This meta-analysis of all colchicine trials in secondary cardiovascular prevention confirmed a 20-30% reduction in MACE with an acceptable safety profile. The pooled evidence from COLCOT, LoDoCo2, and CLEAR SYNERGY consolidates colchicine as a cost-effective anti-inflammatory strategy for atherosclerotic disease.
A systematic review and study-level meta-analysis of randomized controlled trials was performed comparing colchicine vs no colchicine in a secondary-prevention atherosclerotic cardiovascular disease population. A fixed-effect inverse variance model was applied using the intention-to-treat population from the included trials. The primary outcome was the composite of cardiovascular death, myocardial infarction, or stroke.

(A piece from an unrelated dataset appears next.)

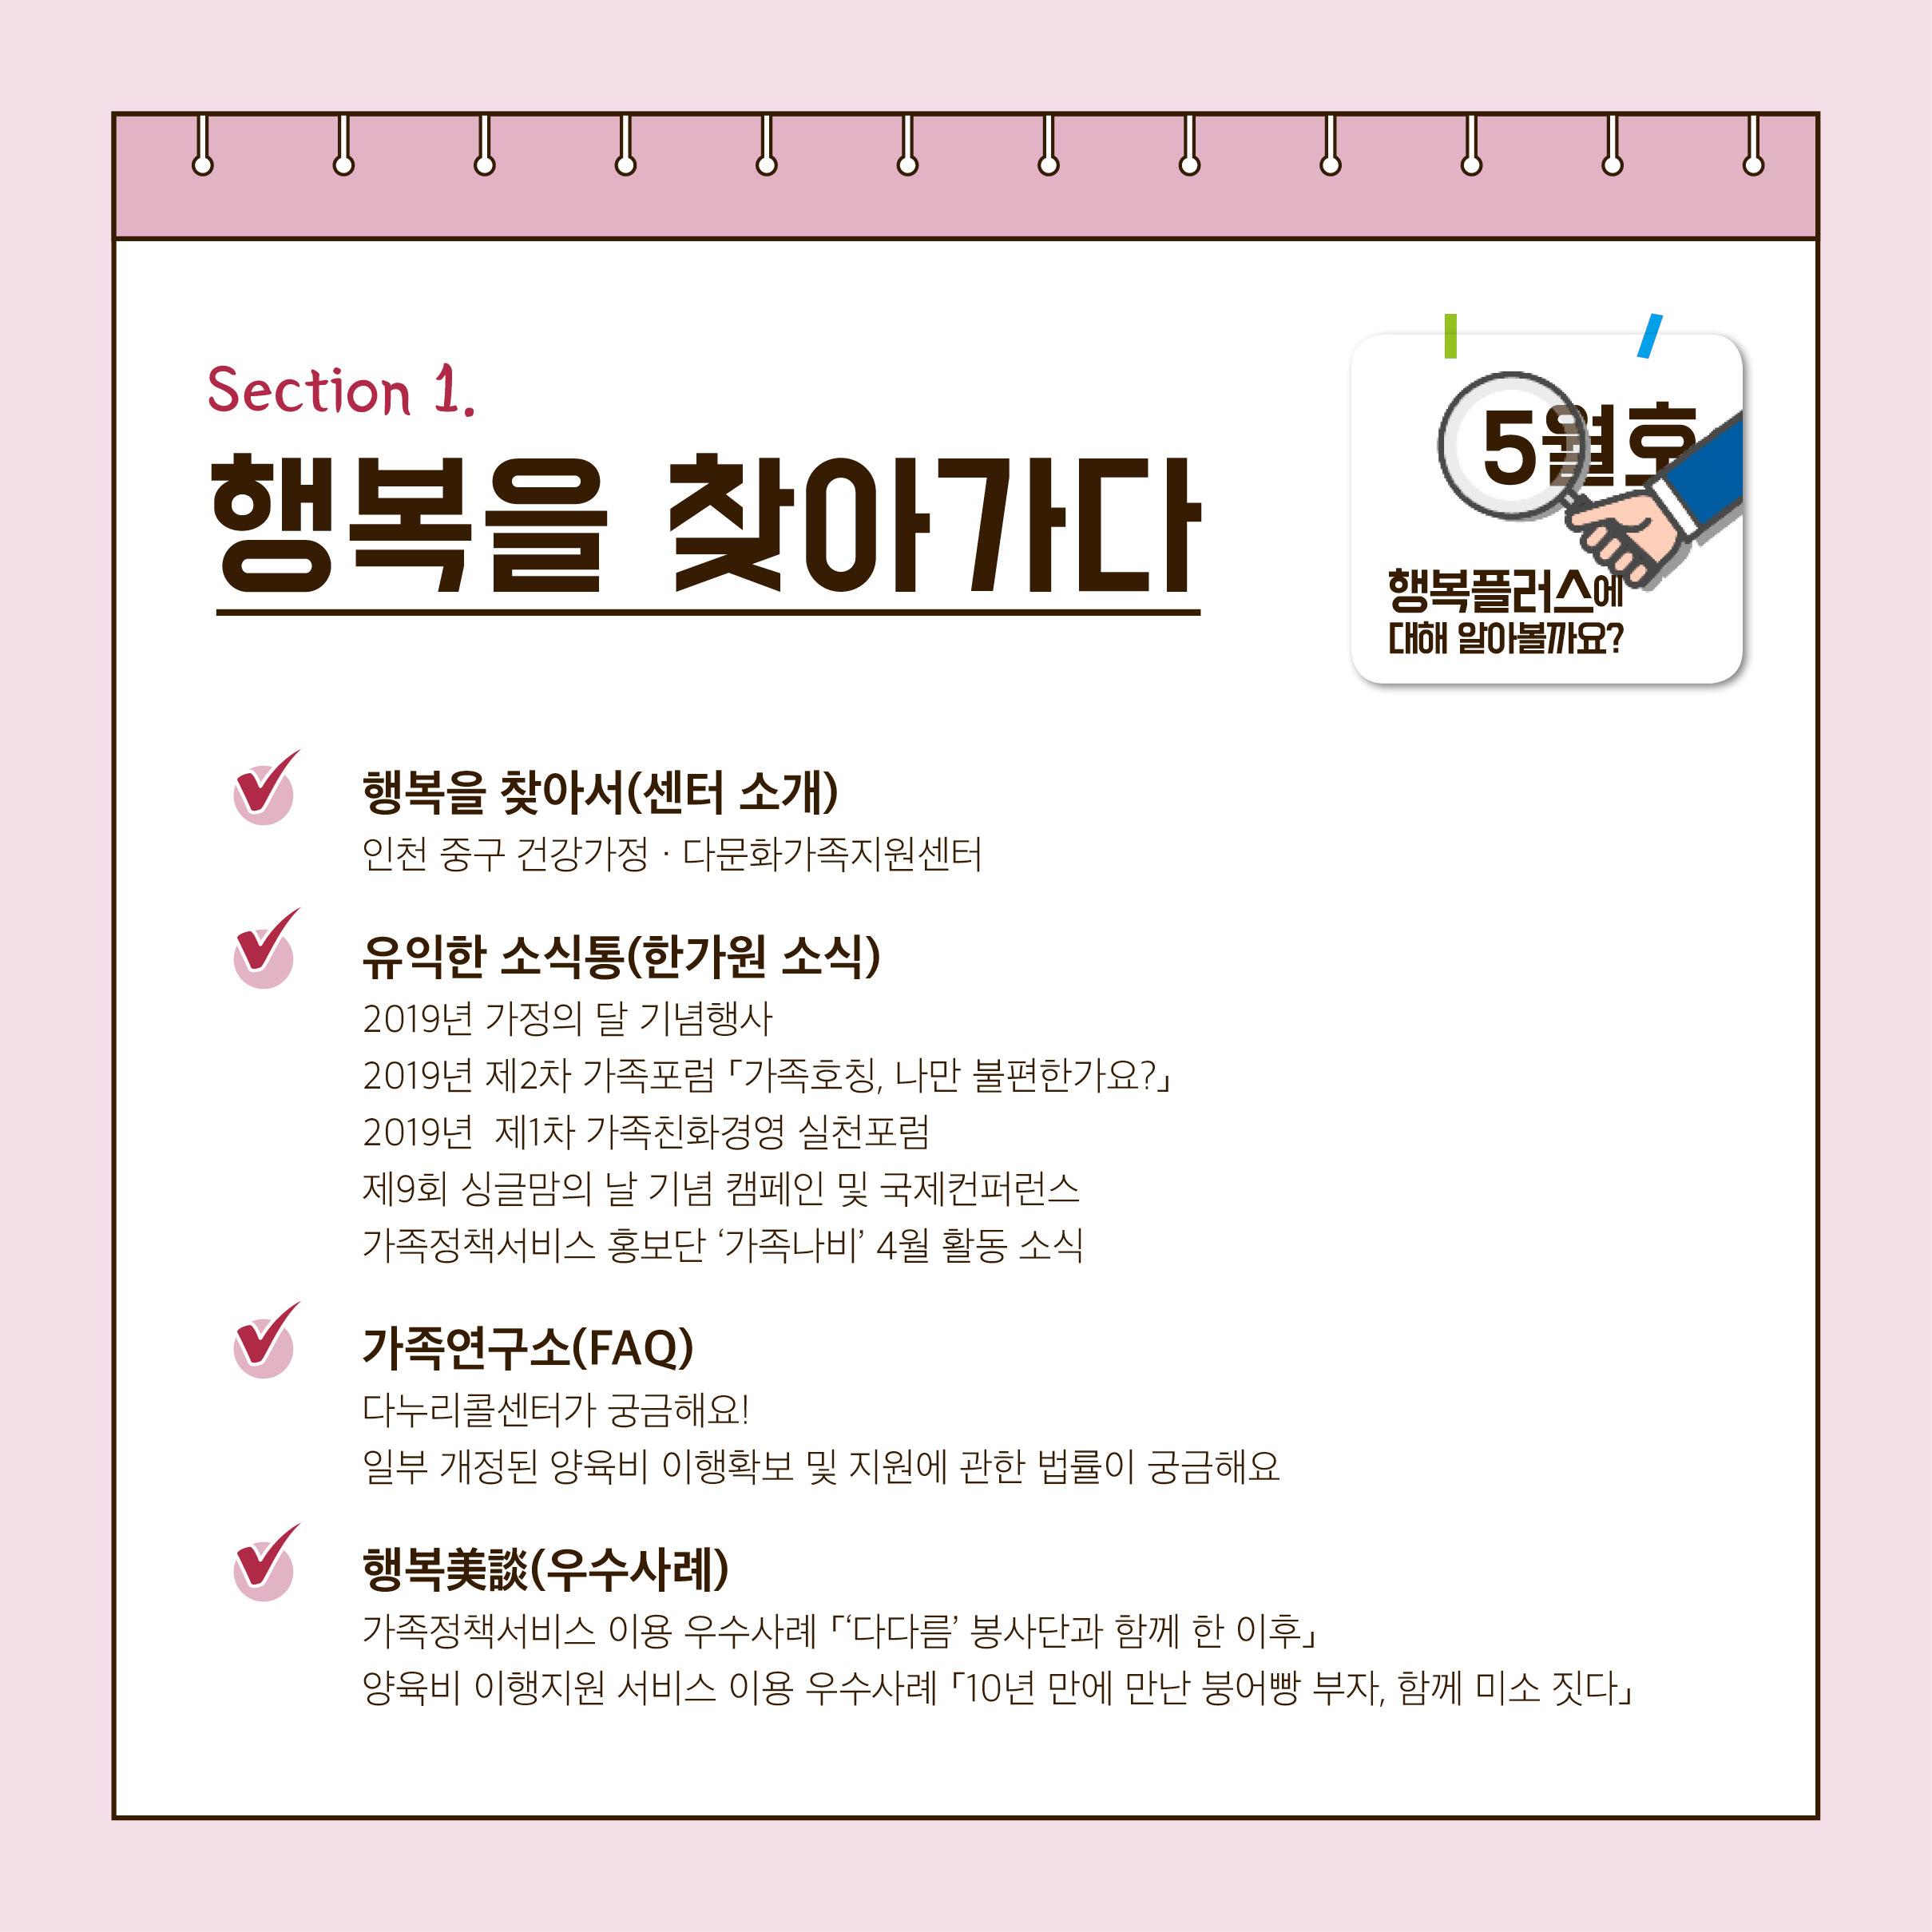 [카드뉴스] 행복플러스 2019년 5월호 발간_2

Nine trials, including 30 659 patients (colchicine 15 255, no colchicine 15 404) with known coronary artery disease or stroke, were included. Compared with no colchicine, patients randomized to colchicine had a relative risk (RR) of 0.88 [95% confidence interval (CI) 0.81-0.95, P = .002] for the primary composite outcome, including a RR of 0.94 for cardiovascular death (95% CI 0.78-1.13, P = .5), a RR of 0.84 for myocardial infarction (95% CI 0.73-0.97, P = .016), and a RR of 0.90 for stroke (95% CI 0.80-1.02, P = .09). Colchicine was associated with a RR of 1.35 for hospitalization for gastrointestinal events (95% CI 1.10-1.66, P = .004) with no increase in hospitalization for pneumonia, newly diagnosed cancers, or non-cardiovascular death.
In patients with prior coronary disease or stroke, colchicine reduced the composite of cardiovascular death, myocardial infarction, or stroke by 12%.